- Мамка у меня умерла, Егор Иванович. Хоронить завтра будем.
Блеск в глазах летчика потух. Сильными руками Егор Иванович притянул к себе Паньку, погладил по ершистому затылку, неумело подбирая слова, хотел утешить:
- Горе, Паша, дружок, большое горе. Мужайся.
От кожаного одеяния летчика веяло холодным дымком, и еще едкий запах пота, немытого тела щекотнул Панькины ноздри, и он, как ни силился, не выдержал, заплакал.
- Ты не знаешь, какая она была,- кривя губы и не стыдясь своей слабости, простонал он.- Теперь что…
Летчик все гладил его по голове большой иззябшей рукой. Горькие слезы душили Паньку. Он размазывал их по лицу и все шептал, шептал бессвязные, бестолковые слова.

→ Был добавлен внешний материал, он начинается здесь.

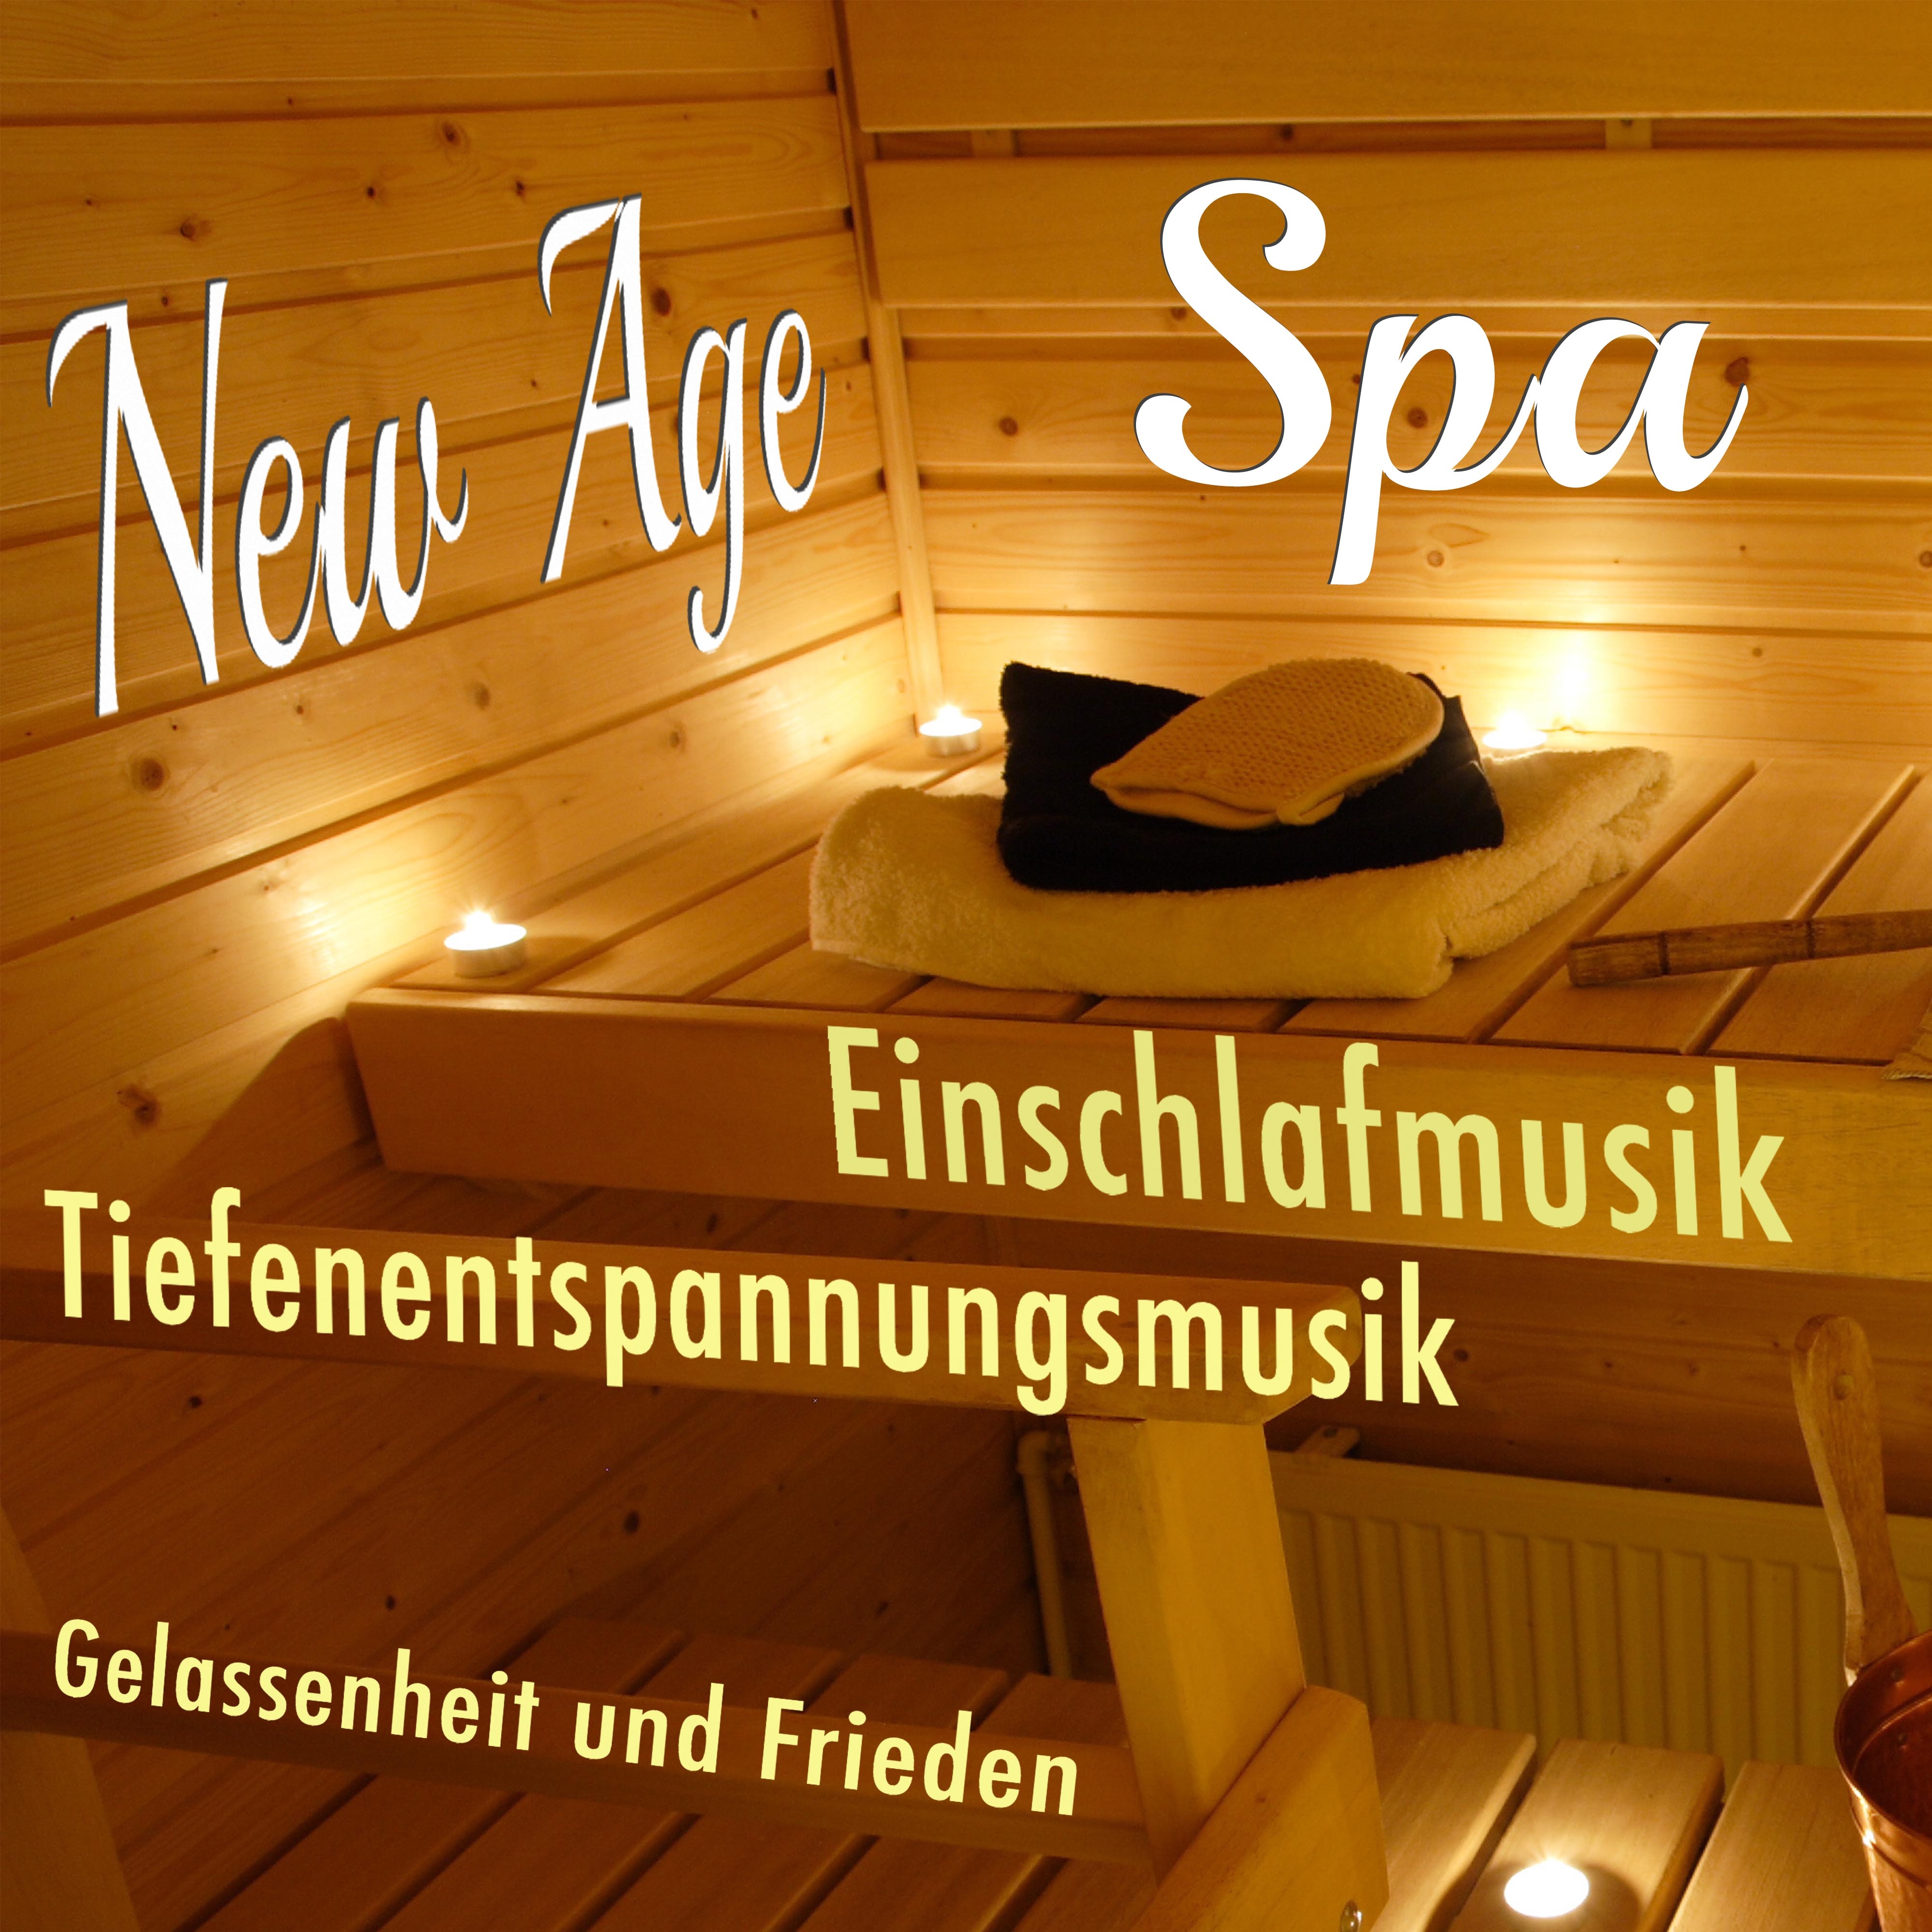 New Age Spa: Einschlafmusik und Tiefenentspannungsmusik fü r Gelassenheit und Frieden

- Иди умойся, - сурово приказал летчик, отнимая руку.- Умойся и ложись спать. Ты завтра должен быть сильным. Да перестань же, Паша. О-о, если б я мог на ногах стоять!.. Паша, Пашенька, ну что ж это такое? Ты же мужчина… Ну!
Панька покорно сполз с сеновала, проплелся в кухню, поплескал в лицо затхлой водой из рукомойника и решился, наконец, войти в горенку.

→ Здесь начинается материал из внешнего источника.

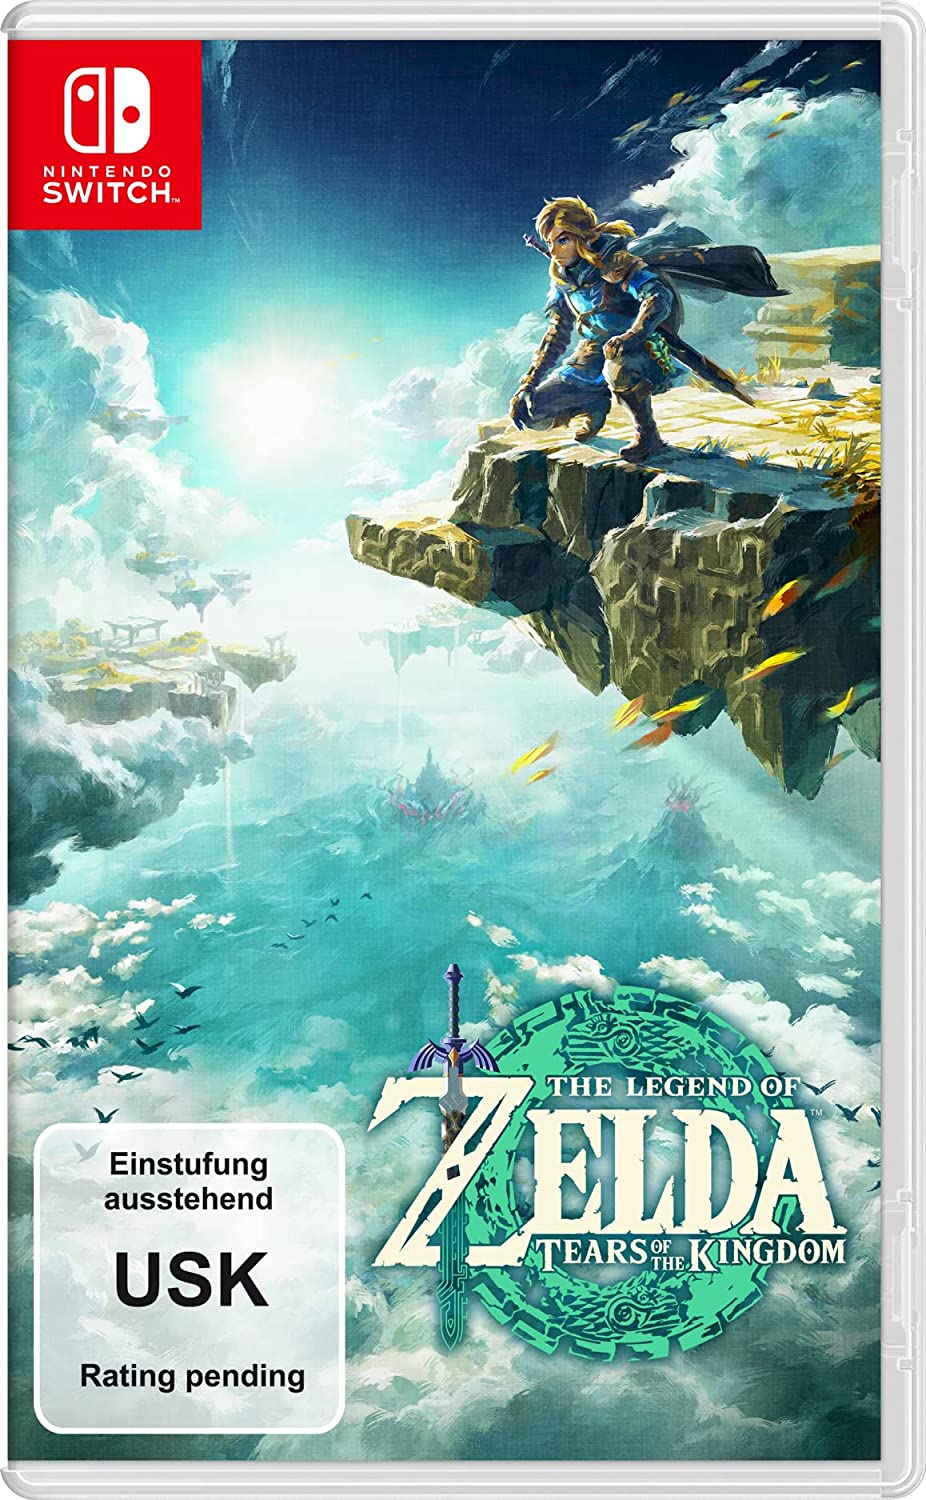 The Legend of Zelda: Tears of the Kingdom PAL Packshot

Парамон Моисеич недвижно сидел на скамье, устремив тусклый взгляд на восковое, строгое лицо покойницы.
Осторожно ступая, боясь нечаянно половицей скрипнуть, Панька подошел к отцу, сел рядом. Парамон Моисеич обнял его тяжелой и беспомощной, как высохшая картофельная плеть, рукой, прикачнул к себе.

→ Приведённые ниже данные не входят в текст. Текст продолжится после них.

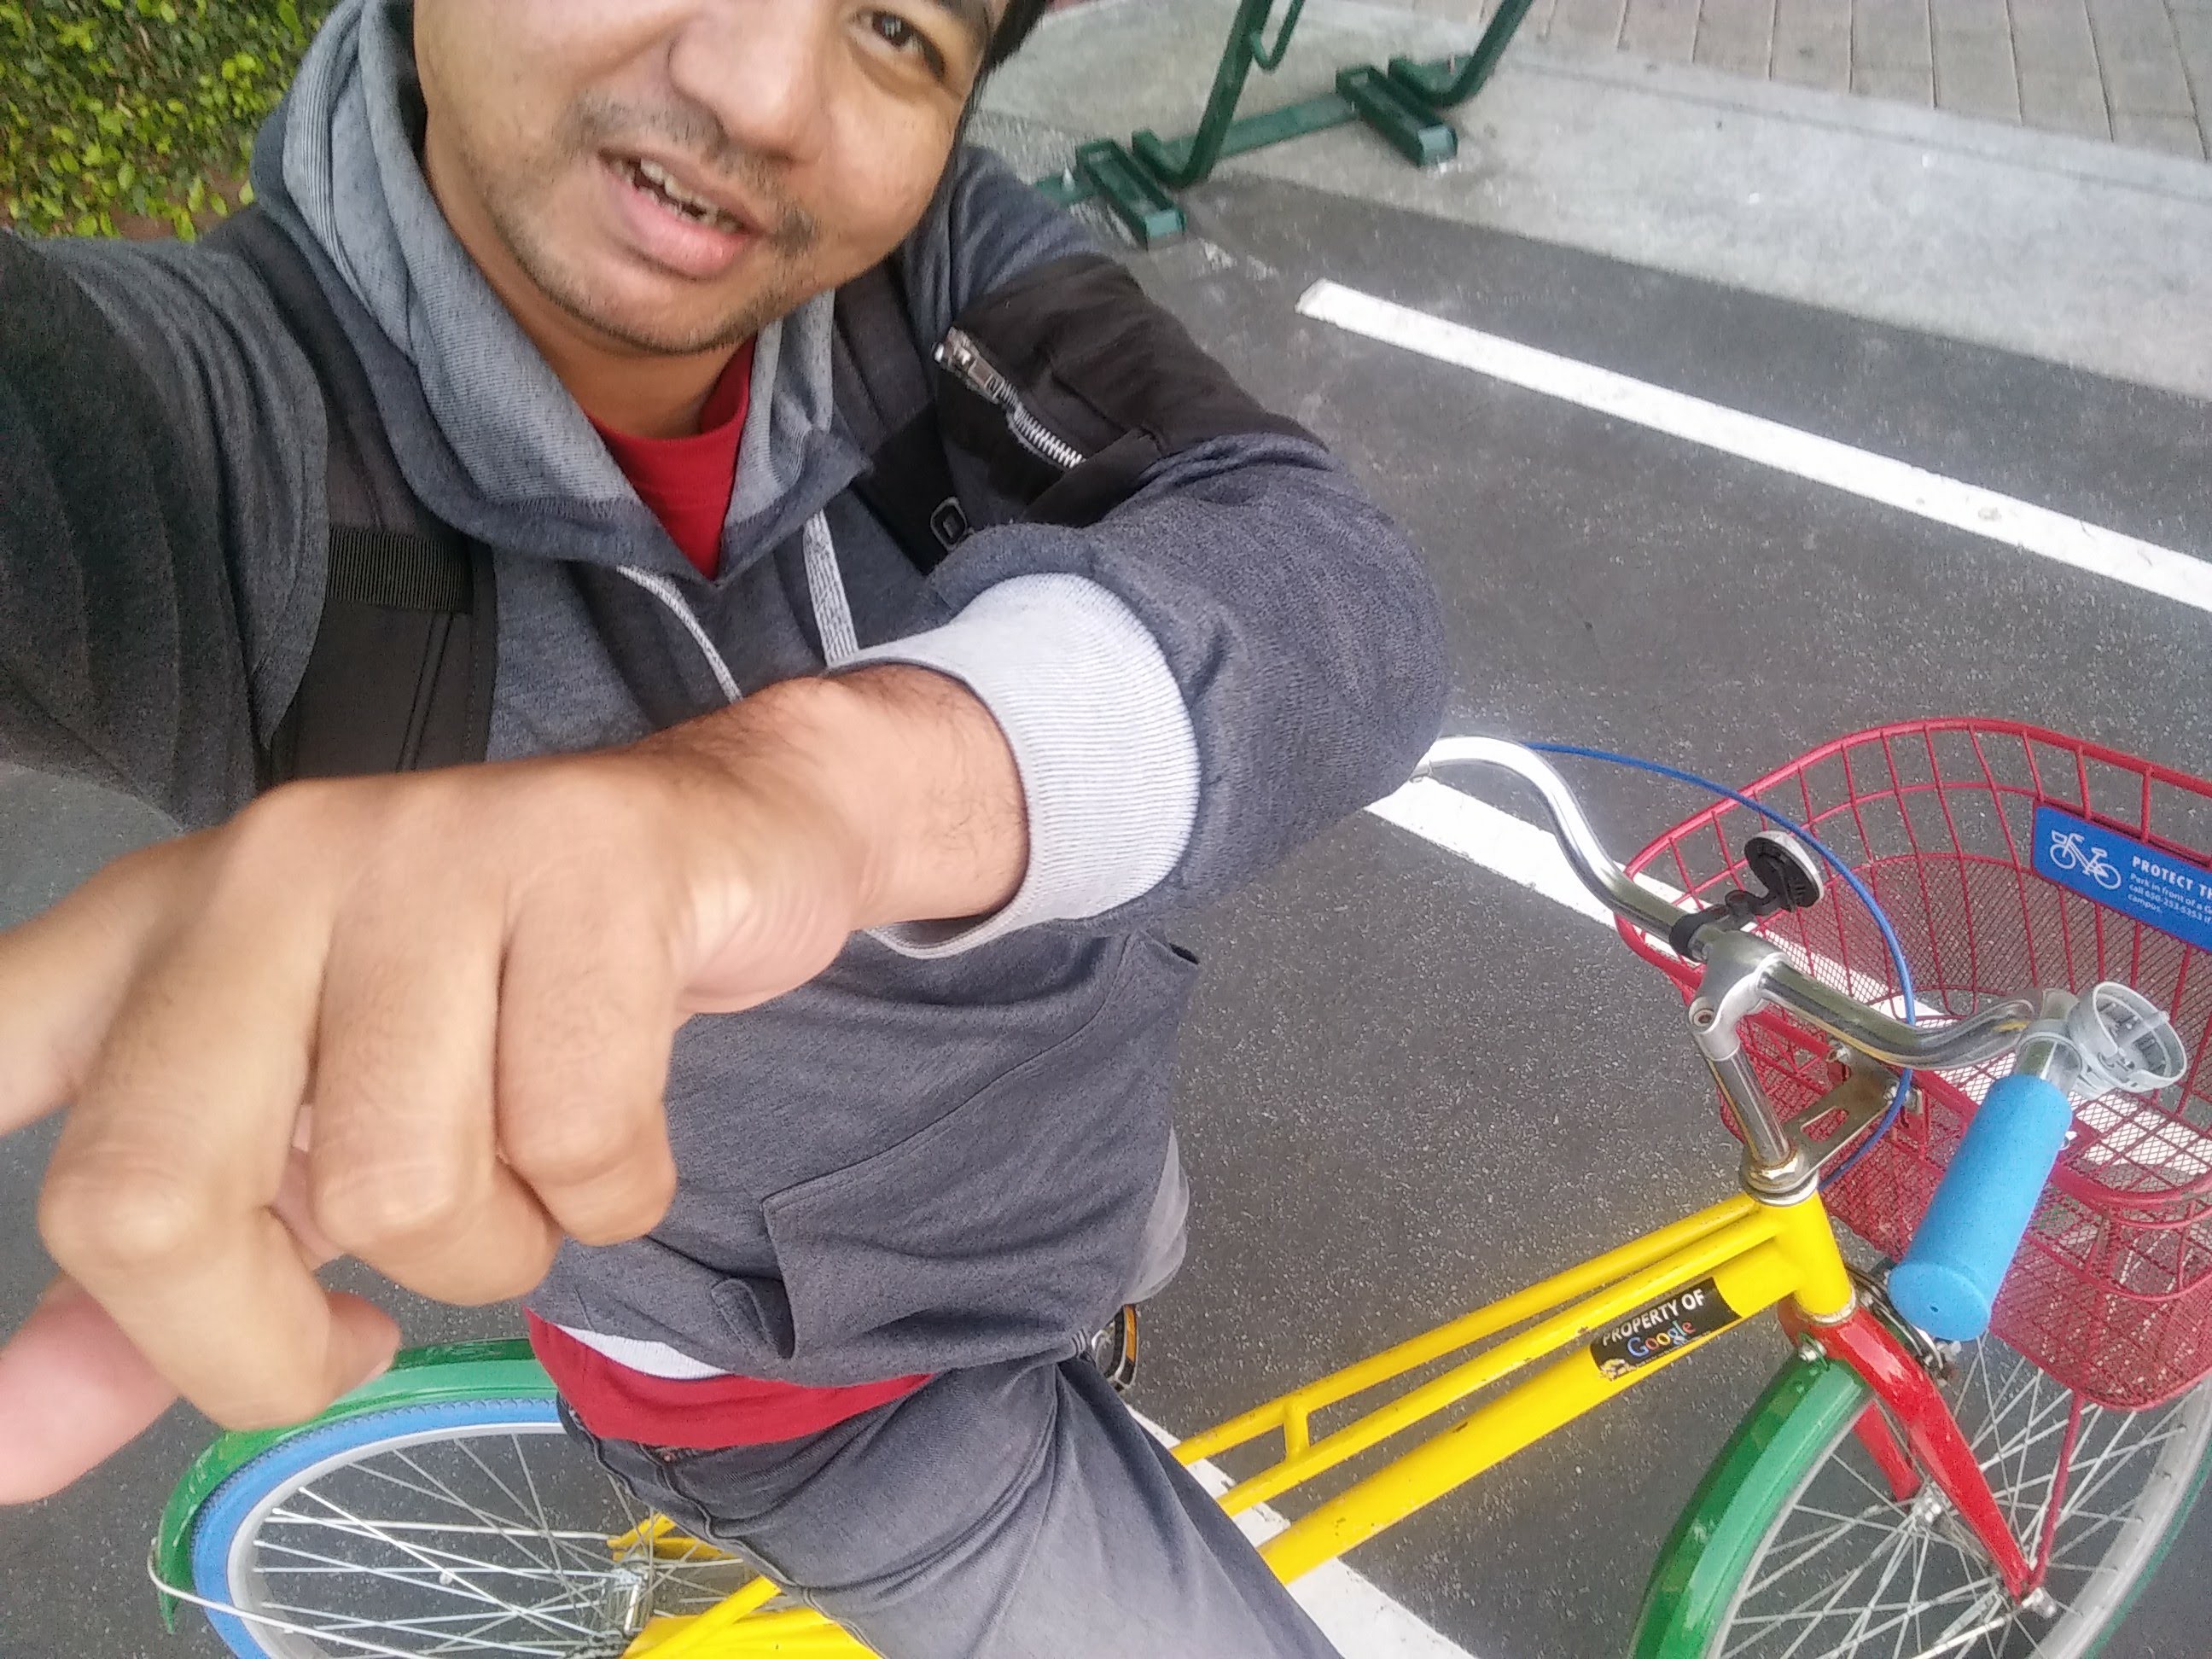 Sulitnya mengendari sepeda sambil selfie.

- Вот, Паня, сын,- сказал надломленным шепотом,- вот… остались мы без мамки.
Скрипнул зубами.
- Вот… одни мы с тобой. Была б корова- выжила б мать. А?
И больше до самого утра не проронил ни слова.
На лице Анисьи, родном и уже отчужденном смертью, лежало выражение умиротворенности и кроткой покорности судьбе.
…Утром, потемну еще, Соленый привез доски на гроб. Завел Бродягу во двор, по одной сносил доски в сени, затем появился в горенке. Неловко поклонился в пороге и, тяжело отдуваясь, стащил с головы лисий треух, сумрачно и не к месту изрек:
- Все в землю ляжем, все прахом будем… Диалектика.
И, тронув недвижного Парамона Моисеича за плечо, позвал настойчиво:
- Пойдем-ка гроб сбивать. День короток. Инструмент-то где у тебя?
Парамон Моисеич молча, по-стариковски шаркая подошвами подшитых валенок, вышел за Соленым в сени.
Оставшись один, Панька расслабленно посидел на скамье, почувствовал, как холод жжет его тело.
«Мамке-то в могилке как зябко будет,- пронеслось в воспаленном мозгу.- В самый декабрь умереть надумала».
Собравшись с силами, поднялся и вышел на кухню, чтобы истопить печь. Пусть в последний раз погреется мама.
В сенях препротивно повизгивала ручная пила и, редкий, сбивчивый, стучал молоток.
Некрашеный гроб поставили на сани, запряженные Бродягой. Парамон Моисеич разобрал вожжи, понукая мерина, причмокнул тихо, и сани выкатили со двора.
- Давай вожжи мне,- предложил Фома Фомич.
- Не надо, я сам,- вяло отмахнулся Парамон Моисеич, выправляя коня на дорогу.
Соленый, утопая бурками в снегу, пошел рядом с ним.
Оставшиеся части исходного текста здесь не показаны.